Professional pickup artists have found a way to integrate getting laid into a greater mission, their business and purpose, which I deem ingenious. You find the same brilliancy in horny Yoga teachers, fitness coaches, rappers, rock stars, porn actors, YouTube ‘pranksters’, photographers, and so forth. They all get laid around their work. This might be the best of all possible worlds: to find a way of acquiring wealth and social status that immediately promotes your sex life.
But if you don’t want to turn your pickup journey into a career, you have to decide:
- Do you want to live a full-time player lifestyle and neglect your other ambitions until you’ve gotten it all out of your system?
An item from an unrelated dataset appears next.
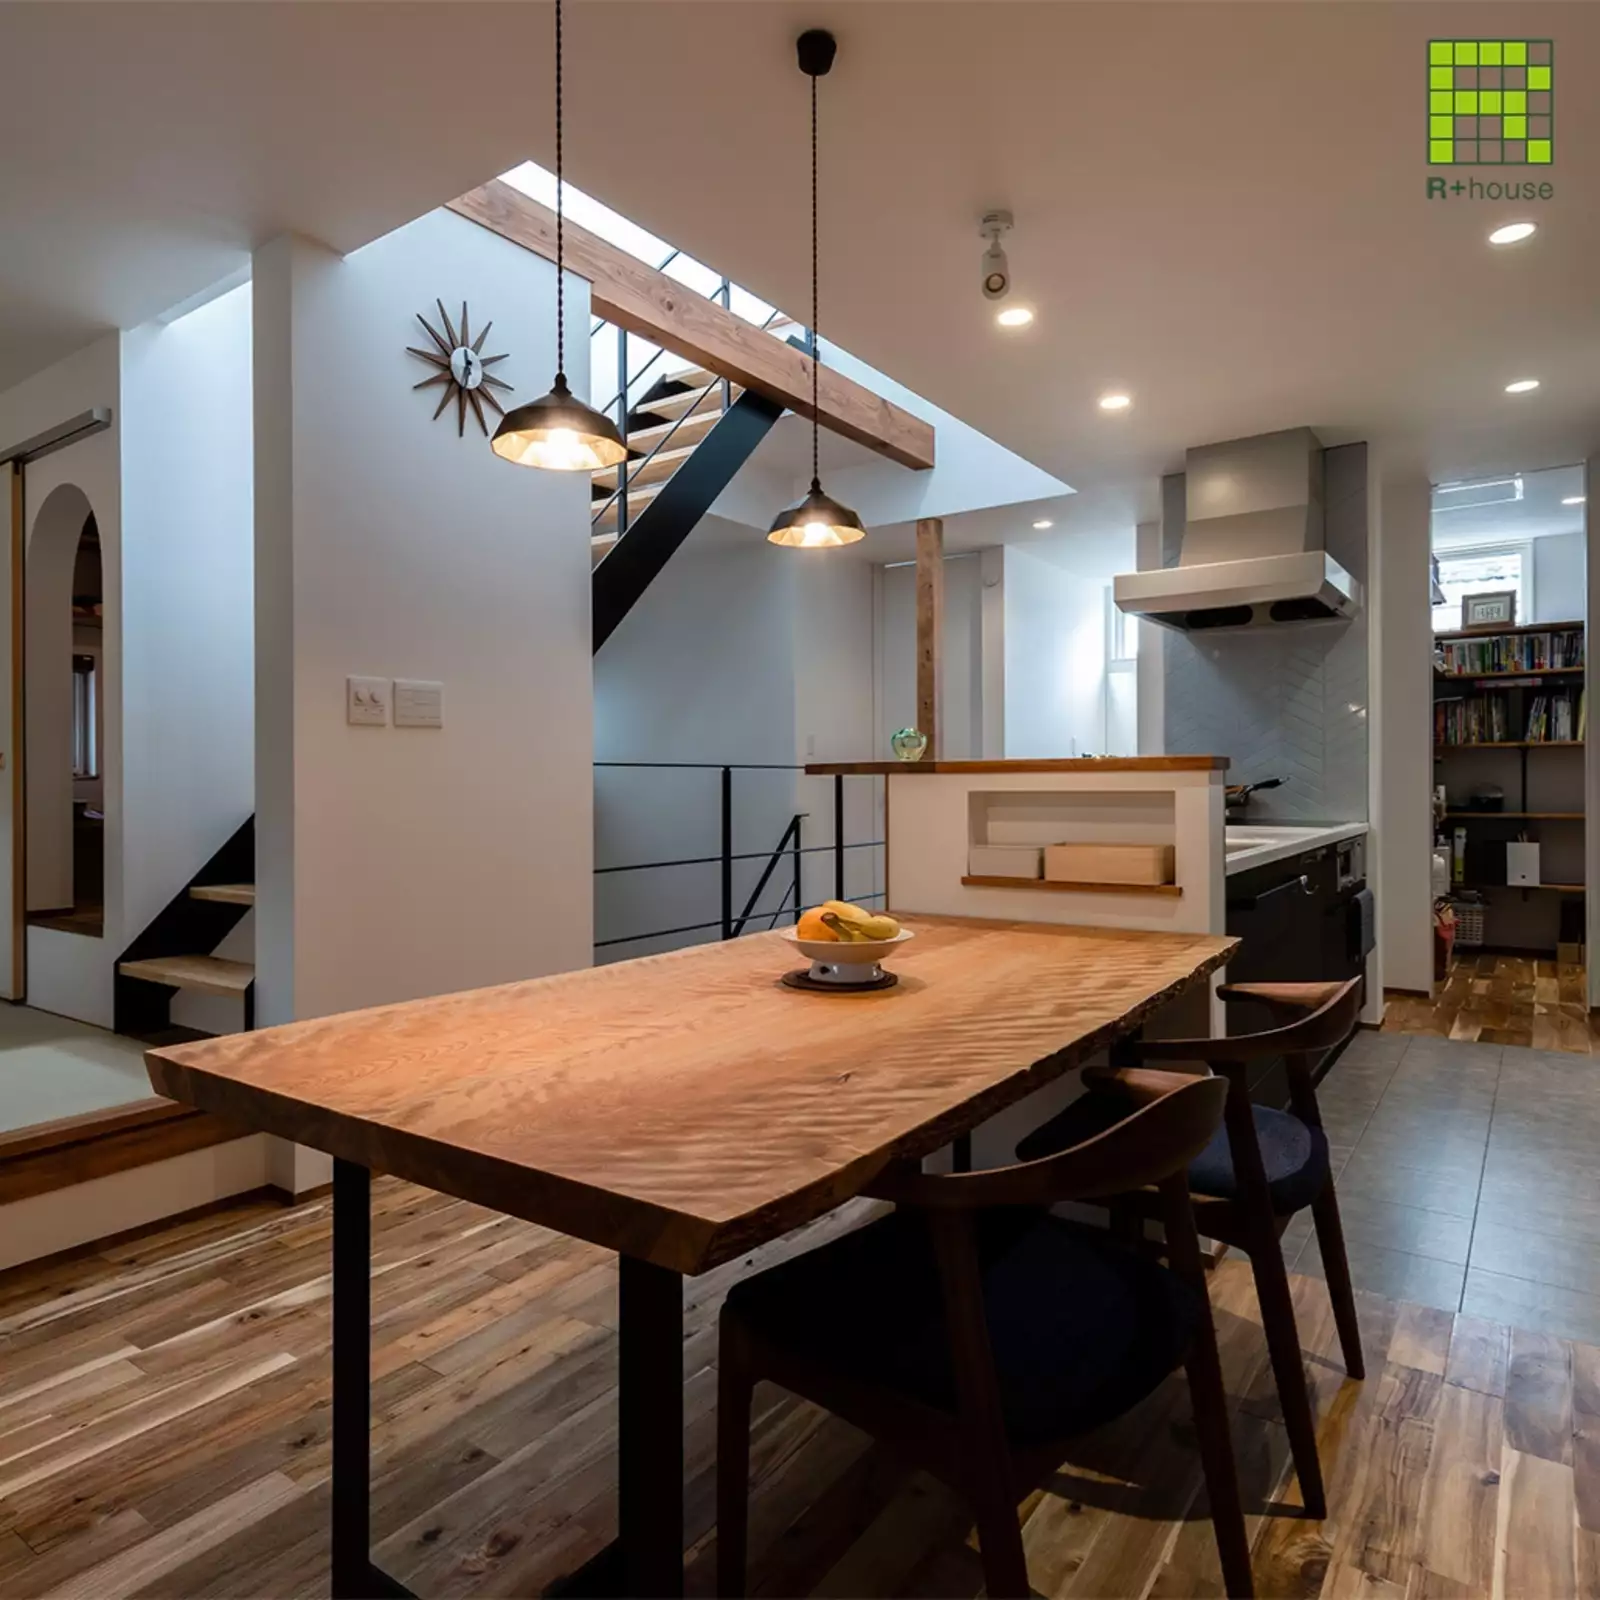 R+houseの物件のダイニングキッチンの写真です。奥には約2畳の書斎、手前にキッチンとダイニングテーブル。キッチンの前には階段が。
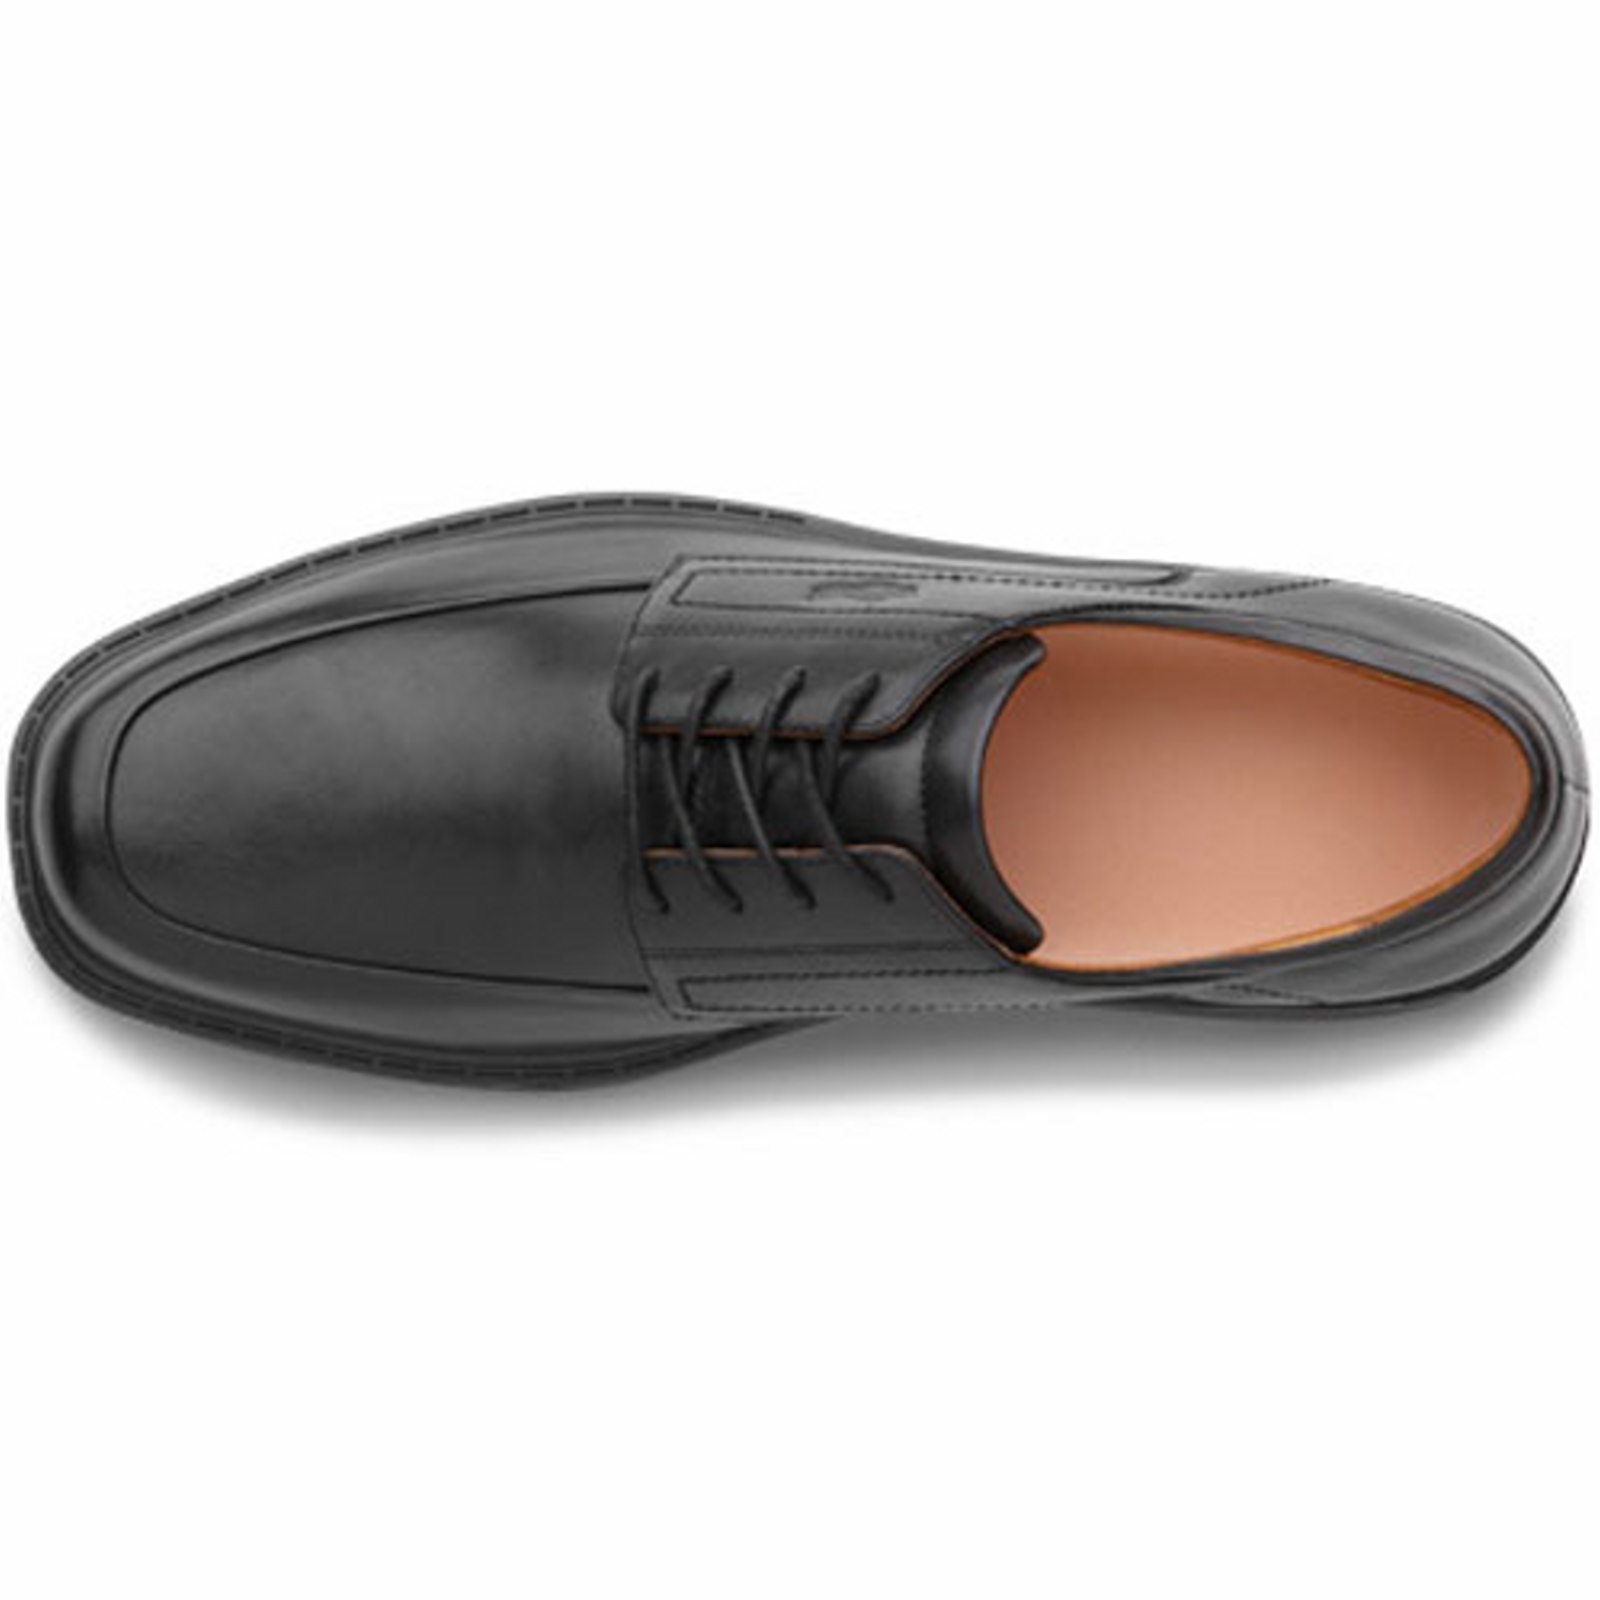 Dr. Comfort Classic Men's Dress Shoe: 9.5 Wide (E/2E) Black Lace - image 5 of 5

Consider that you may be using junk sex to avoid dealing with deeper issues, and you may regret having wasted much of your precious time and attention on fucking strangers—with fucking condoms. (Caution: I haven’t ever fully committed to this option myself, so I’m talking out of my ass here. Don’t listen to me, do what you want.)
- Do you want to do without a rich sex live based on cold approach pickup and transform your sexual energy into entrepreneurial or artistic energy, work hard, and do your True Will? Consider that your priorities may be skewed by fear, low testosterone, or overconsumption of porn.
Yet even if you choose option 2, you can still learn to build some attentional flexibility and hit on chicks as you go about your day. In that case, you probably won’t be playing the numbers game hard enough for having a dense succession of lays (unless you already have a good rotation of casual sex partners to fill in the gaps), but don’t forget that picking up girls is a skill and, as with every skill, you use it or lose it.